Please give back word for word the lines of the material below between the line containing "Franqueo Mecanico MILANO: TEATRO" and the line containing "Hotel Barossa Shiraz Estate Australien", inclusive.
[RAW DATA]
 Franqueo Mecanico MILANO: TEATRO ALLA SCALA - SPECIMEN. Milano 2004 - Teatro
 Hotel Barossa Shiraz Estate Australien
[/RAW DATA]
[RAW DATA]
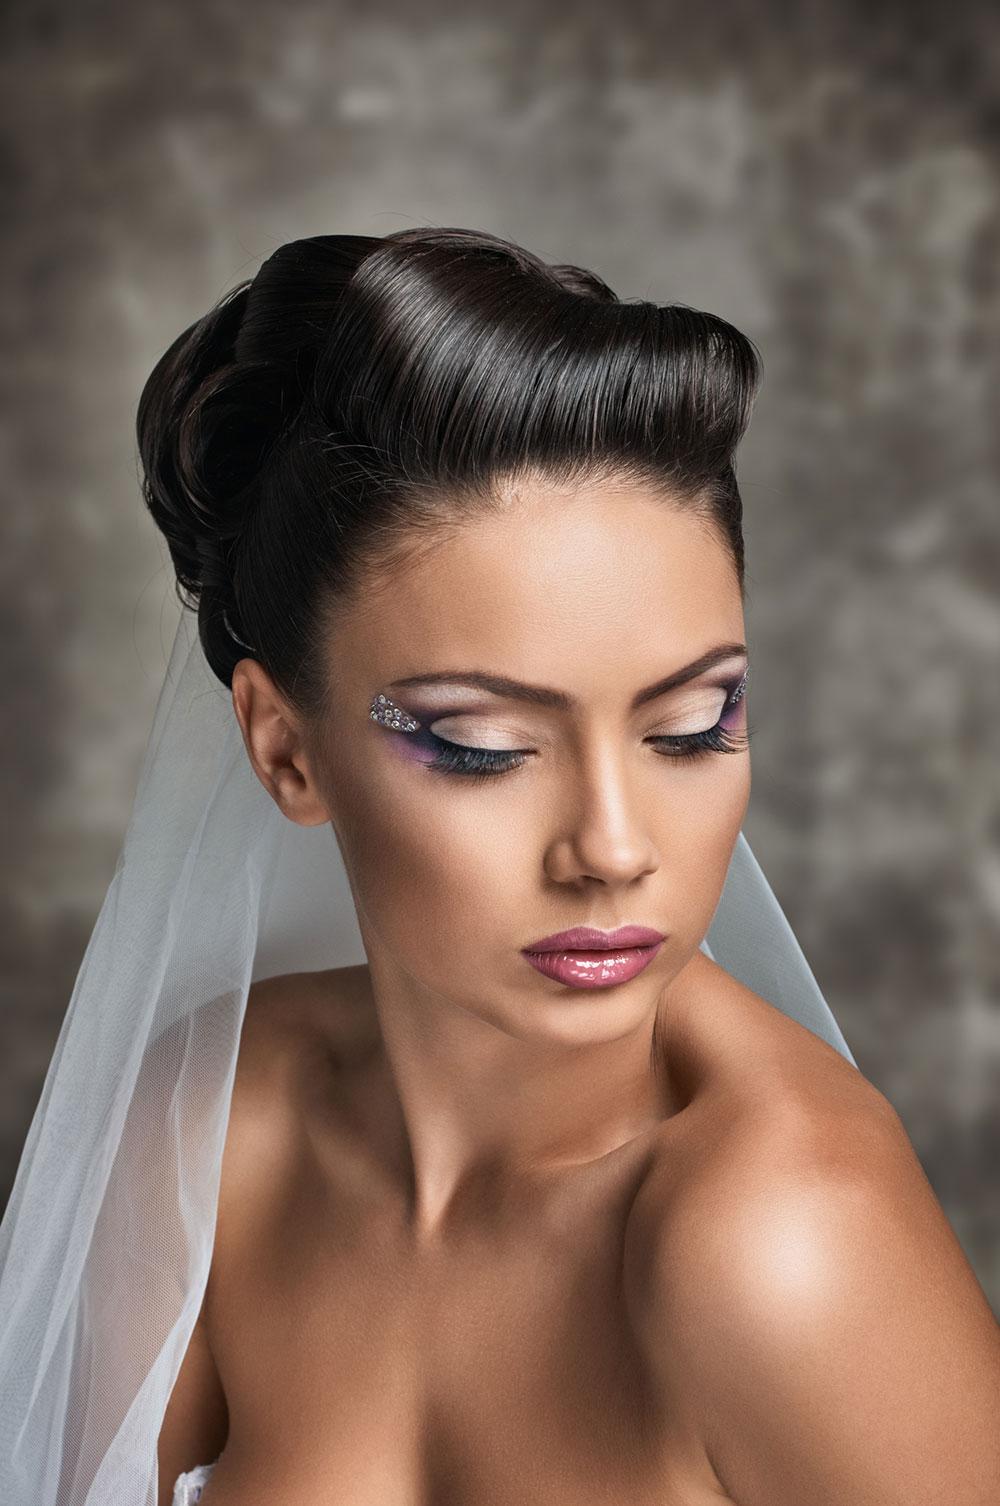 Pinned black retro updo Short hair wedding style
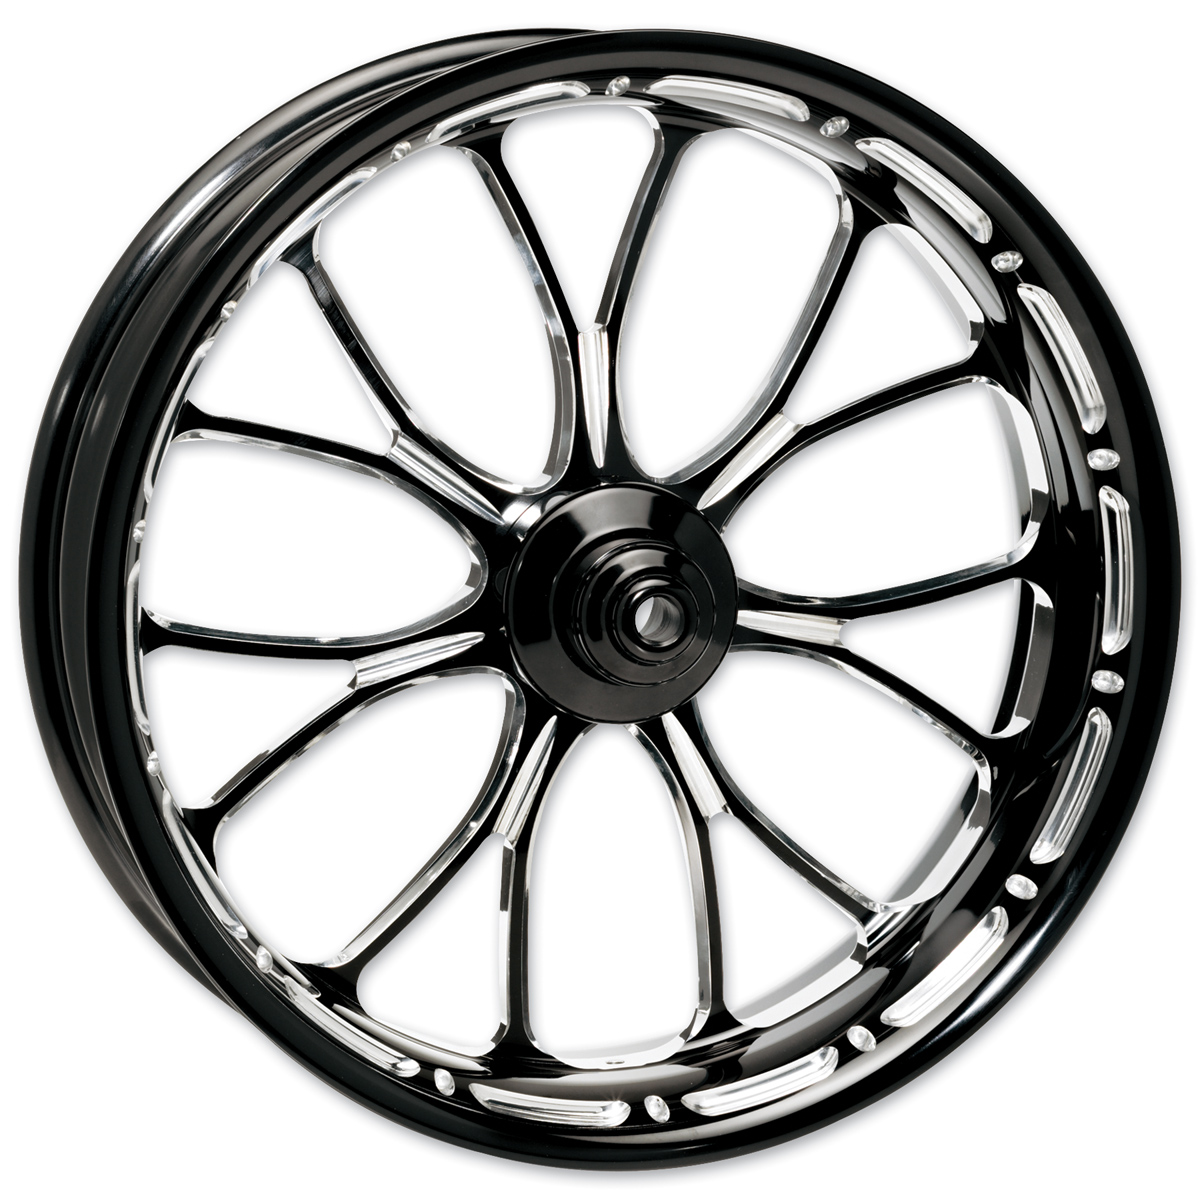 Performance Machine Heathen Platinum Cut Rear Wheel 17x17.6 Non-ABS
[/RAW DATA]
[RAW DATA]
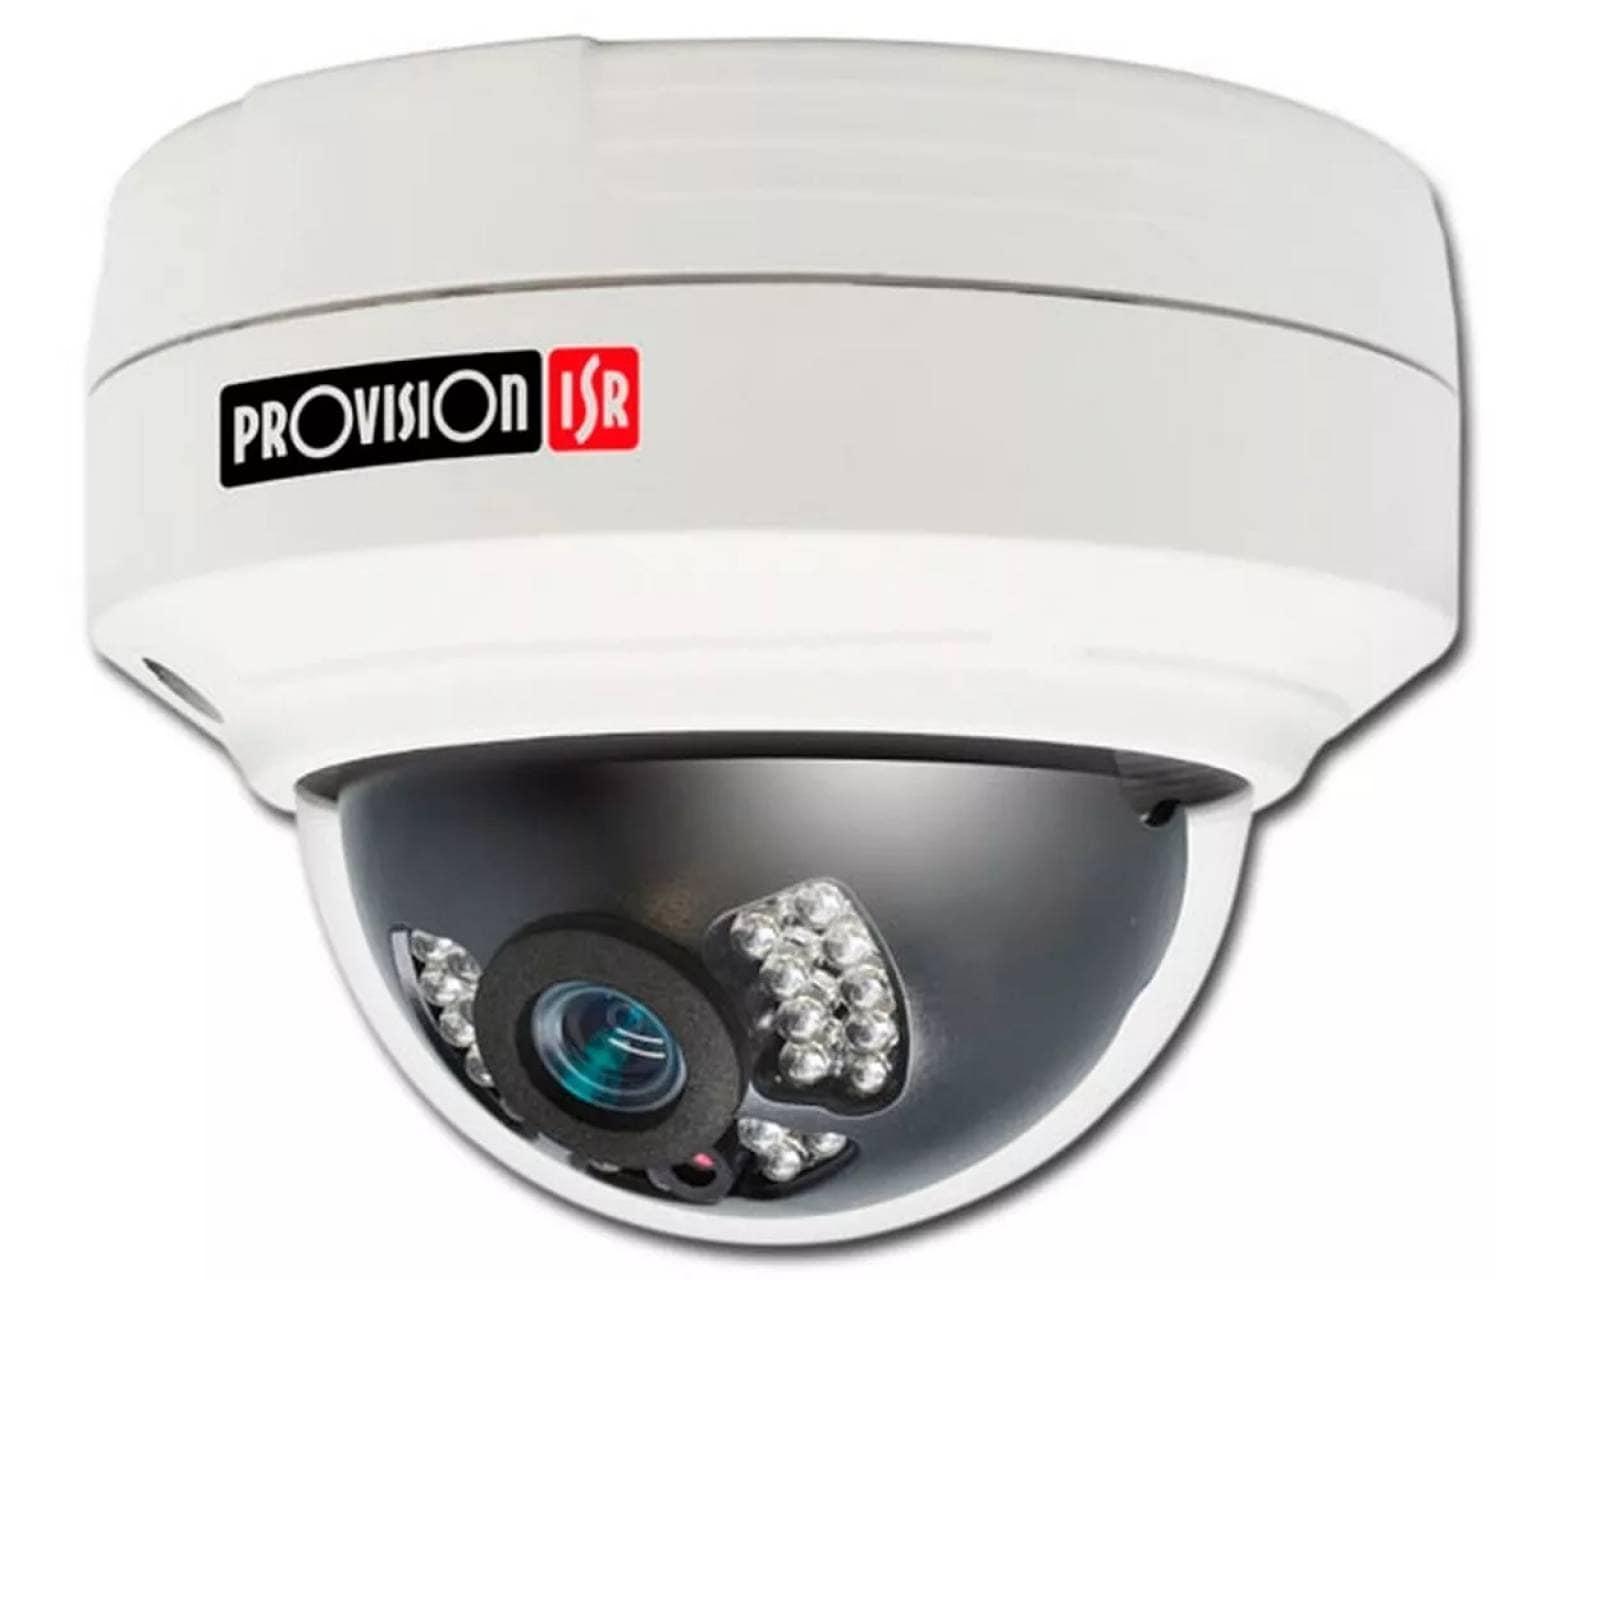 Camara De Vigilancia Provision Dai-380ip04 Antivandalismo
[/RAW DATA]
YOUR SOLUTION
 Franqueo Mecanico MILANO: TEATRO ALLA SCALA - SPECIMEN. Milano 2004 - Teatro
 Hotel Barossa Shiraz Estate Australien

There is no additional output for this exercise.